[MUD-Dev] D&D vs. MMORPG "complexity"

Threshold RPG business at threshold-rpg.com
Tue May 20 02:21:57 CEST 2003

On 15 May 2003, at 10:48, Travis Casey wrote:
> Saturday, May 10, 2003, 3:58:36 PM, Threshold RPG wrote:
>> On 8 May 2003, at 11:58, Travis Casey wrote:

> The point I'm trying to make is that whether or not D&D in
> specific is complex is irrelevant to deciding whether or not
> knowledge of *paper RPGs in general* is relevant.  It's the most
> popular paper RPG, but that doesn't mean it's the best one to
> learn from.

Then why did you reply to the discussion Ryan and I were involved in
that is *NOT* what you are talking about?

<EdNote: Forking and extending threads in this manner is standard
and expected behaviour>

> That may be the issue you want to discuss.  The issue *I'm*
> discussing is whether paper RPGs are relevant to designers of
> muds/MMORPGs -- which is why I'm bringing up other games than D&D
> and why I'm bringing up third-party rules expansions to D&D.  This
> thread is a branch off of the original thread discussing that.

Then please reply to one of those messages rather than the ones that
are specifically titled D&D vs. MMORPG complexity. :)

> To me, insisting that all paper RPGs be judged in their relevance
> on the basis of the core books of one version of D&D is like
> insisting that all muds be judged on the basis of a stock Diku.
> It may be the most common thing, but that doesn't make it the
> best.

I have never insisted or even implied that one should only use core
D&D. In fact, I have specifically included more than just core D&D
on numerous occasions.

I will, however, make this point. The majority of D&D players do use
just the core books. Whereas almost nobody plays a purely stock

> I don't deny that paper RPGs and online RPGs have many significant
> differences, and that simply lifting a paper RPG system and trying
> to stick it in an online game as-is is a bad idea.  However, that
> doesn't mean that there's nothing to be learned from paper RPGs.

If your point is that there is much to learn from PnP RPGs, then I
could not agree more. That is one reason I buy tons of pen and paper
RPGs that I know I will never have time to play. I read them to get
ideas. It is also why I can tax deduct such purchases. :)

> A large part of the point of this list is trading information
> which might be useful.  If someone's looking for, say, ideas for a
> spell creation system, I think it's definitely useful to be able
> to point them not only to ones in other online games and in
> single-user computer games, but also to ones in paper RPGs.  What
> I don't want to see is people rejecting anything which comes from
> a paper RPG out-of-hand on the basis that "paper RPGs aren't
> relevant" -- which is the extreme that a few people seem to want
> to take it to.

I am having difficulty figuring out why you jumped in at this point
because I have NEVER made any such claim. I love PnP games and I
think they have an extremely valuable role to play both in CRPG
development as well as other PnP RPG development.
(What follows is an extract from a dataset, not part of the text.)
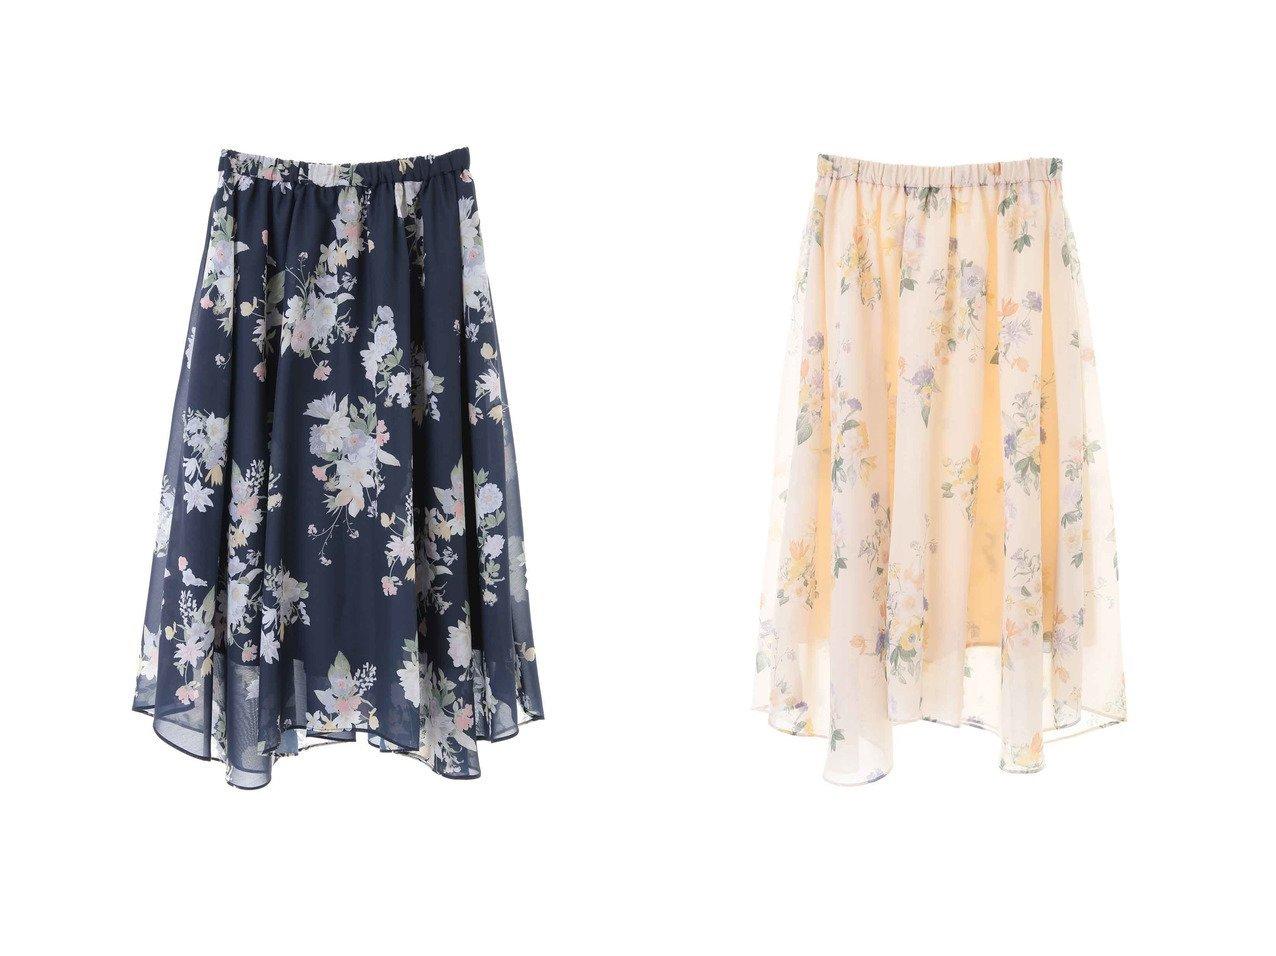 【31 Sons de mode/トランテアン ソン ドゥ モード】の花柄イレヘムスカート 【スカート】おすすめ!人気、トレンド・レディースファッションの通販 おすすめで人気の流行・トレンド、ファッションの通販商品 メンズファッション・キッズファッション・インテリア・家具・レディースファッション・服の通販 founy(ファニー) https://founy.com/ ファッション Fashion レディースファッション WOMEN スカート Skirt Aライン/フレアスカート Flared A-Line Skirts NEW・新作・新着・新入荷 New Arrivals 2021年 2021 2021春夏・S/S SS/Spring/Summer/2021 S/S・春夏 SS・Spring/Summer ギャザー シアー フラワー フレア プリント |ID:crp329100000036702
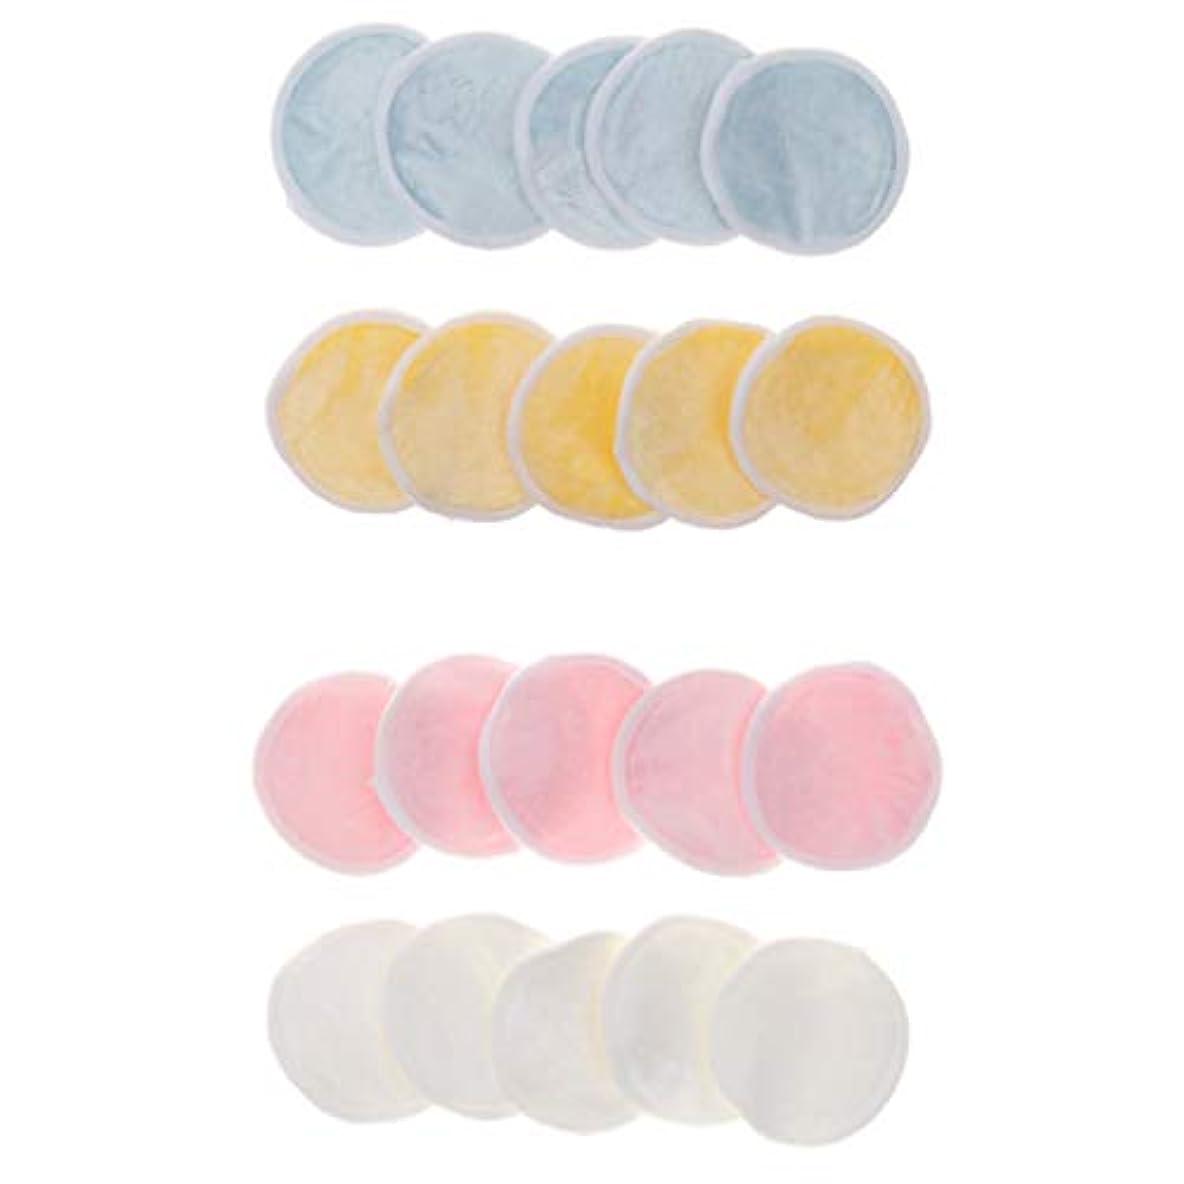 F Fityle クレンジングシート 化粧落としパッド メイク落としコットン 再使用可 化粧用 持ち運びに便利 20個入

I am not sure if you misunderstand what is being discussed in the
"D&D vs. MMORPG complexity" thread or if you are just trying to
contort the discussion Ryan and I are having back towards the
original issue you would rather discuss.

>> However, that is not the issue here. Ryan Dancey made the
>> assertion that D&D is too compex for an MMORPG with the current
>> state of computer technology. That is a statement that, in my
>> opinion, demonstrates an extreme lack of experience with MUDs and
>> MMORPGs. It sounds like the opinion of someone whose experience
>> with online RPGs is the extremely stripped down Neverwinter
>> Nights game created by Bioware. The reality of *QUALITY* MUDs and
>> MMORPGs is a far different thing than what he seems to be
>> familiar with.

> I agree with you on that.


>> There are certainly pen and paper games that are excrutiatingly
>> complex when compared to D&D. Such games are not, however, the
>> subject of this debate.

> They are part of the subject of the debate which spawned this
> sub-debate, though.  I'm trying to steer the argument off of D&D
> in specific, and back to the more general subject of whether paper
> RPGs are relevant.  If you don't want to discuss that, that's
> fine.  But only JC can decide whether or not I'm allowed to try to
> steer the debate in a new direction.

I would rather you didn't try to jump into this sub-thread and
contort it back to the subject you are more interested in. I think
it is pretty rude to try and hijack an existing discussion in that

If you want to discuss "your issue", then wouldn't it be better to
post your thoughts with a different subject heading and not as a
reply to a totally different issue?

Michael Hartman, J.D. (http://www.threshold-rpg.com)
President & CEO, Threshold Virtual Environments, Inc.